Sounds like you had a great trip! Also sounds like a place for us to add to our list!!! Welcome home.


----------



## PDX_Doug (Nov 16, 2004)

C-Mac,

Glad to hear you had such a good trip. And avoided the rain (mostly)!
Any pictures coming?

Happy Trails,
Doug


----------



## egregg57 (Feb 13, 2006)

Hey, Hey! I enjoyed Moose Hillock very much. It is one that is definately in my top 10. My DW and kidlins went to Danforth Bay following our stay at M.H. and Holy Kanasta! Danforth Bay went over the top! The road leading in (nearly .75 miles) is widened and paved. Tennis courts added. Second pool is in (just waiting water). And the "Bluffs" OMG. I am seriously considering lying about my age.

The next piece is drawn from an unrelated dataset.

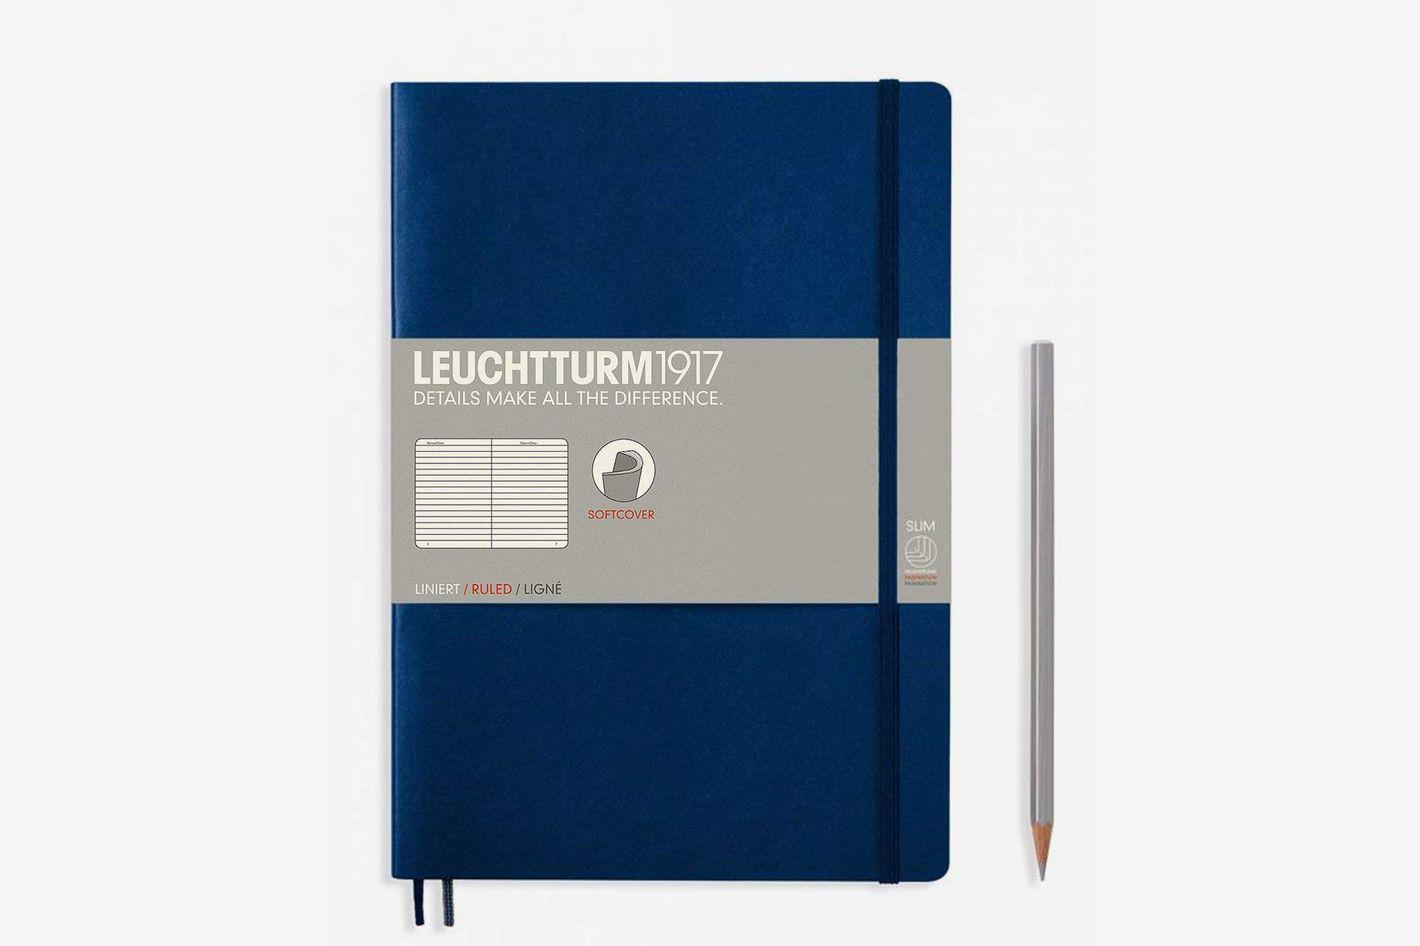 Leuchtturm Softcover Composition B5 Ruled Notebook

Danforth constructed 330 nicely landscaped sites behind and away from the existing resort, added 3 side by side tennis courts, 2 pools, one being a very good sized pool with lap lanes set up, a huge lodge, the upstairs floor is all wood, large screen tv, fireplace and comfortable furniture, a large section of it is open and is begging for somebody to dance on them. Doors lead out onto a very large deck over looking the pools. Down stairs is a library/reading room, excersize room with treadmills, bikes, free weights and a universal, game room with pool table, ping-pong some arcade games etc and still another room containing a Laundromat with restrooms adjacent to that.







The web site for Danforth Bay has a couple of photos on thier website but they don't do the place justice.

Bill, a roving security guard for the CG and the Bluffs and a retired Chief Petty Officer (his job doesn't suck!) told us about it and suggested we check it out. WOW! .......WOoOOoooW!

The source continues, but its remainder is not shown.